Code can be inaccessible for a person using their keyboard or screen reader without being flagged as invalid markup by an automated tools.
Practical examples
- Automated scans can instantaneously test checkboxes for properly associated labels and other code attributes, but can’t tell you if the labels make sense.
- Automation tools can flag an image for missing alt text, but can’t tell you if it would be better for the screen reader to ignore a particular decorative icon.
- Custom components, like an accordion expander, could be inaccessible with the keyboard and yet be formed of valid code that won’t raise an error.
Chooses CMS platforms with accessible publishing features
Content management system (CMS) tools should include features for adding appropriate headings, alt text for and aria-labels for controls like links or buttons. The rendered output of the CMS must be accessible.

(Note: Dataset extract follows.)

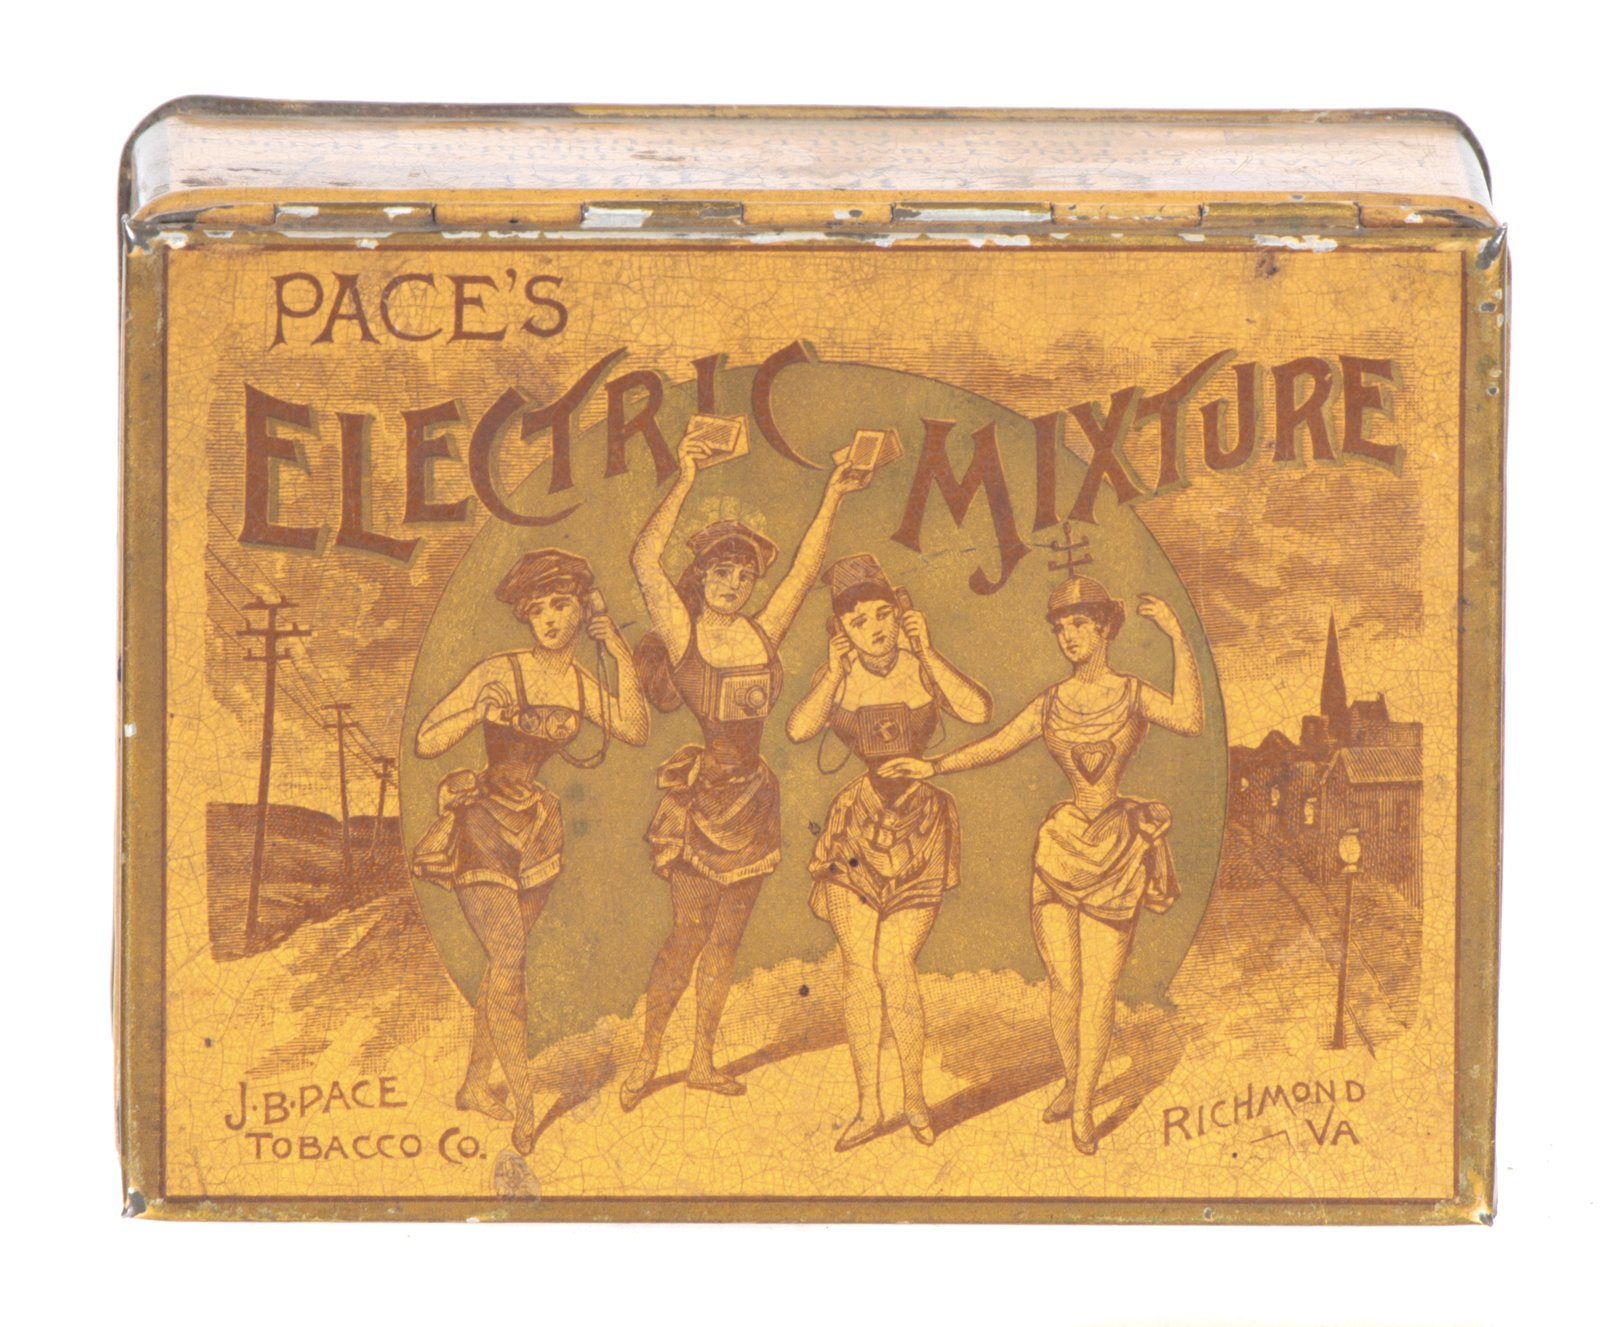 Electric Mixture Tobacco

Ensures 3rd party plugins and APIs deliver accessible content
Architects must choose accessible plugins and any application programming interface (API) that returns content must include relevant accessibility features.

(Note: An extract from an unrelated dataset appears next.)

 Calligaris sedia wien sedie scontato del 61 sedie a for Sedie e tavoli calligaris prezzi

For example, a search results API must include appropriate alt text for images. A plugin that delivers product reviews must be accessible.
Layered testing strategy
A layered testing strategy enables people who are building accessible products and supports systems that can automatically monitor accessibility.
Ensures test account or payment test creation is straightforward
Databases and applications should include the ability to create test accounts for all UI configurations. Test account creation should be frictionless and compatible with automated testing tools, including payment transaction testing.
Component library includes automated tests
The component library itself should have automated accessibility tests included in its build process; both to ensure accessible building blocks are available and to set the example for the rest of the organization.
Linting tools check for accessibility
As developers code, linting tools should be used to analyze code as it’s being written with little or no tolerance for accessibility syntax errors.
Support for automated accessibility regression testing
Developers should be writing regression tests for each component in the UI.
For example, a menu button will need to describe its state as expanded or collapsed. A test can be written to check for the aria-expanded
attribute to toggle from false
to true
when focused and clicked.
Developers can run automated tests on a local environment
The same tests that are being used for CI/CD gating should also be available for developers in their local environment.
For example, if the CI/CD pipeline is automatically running a Lighthouse test on build, developers should be able to perform the same test on their local machine and come to the same results.
CI/CD/CMS can effectively gate and report accessibility metrics
On building the product in a test or staging environment, automated tests should report any defects and gate severe issues from being deployed.
Metrics should be recorded for reporting trends to leadership and timely quality reports automatically delivered to managers.
Challenges to automated testing
Testing tools require the application to be rendered to scan effectively. Public facing content usually doesn’t require user account authentication to view.
However, something like a customer account management page may require multiple test credentials for authentication for testing. This may require custom test scripting and a significant investment of development time.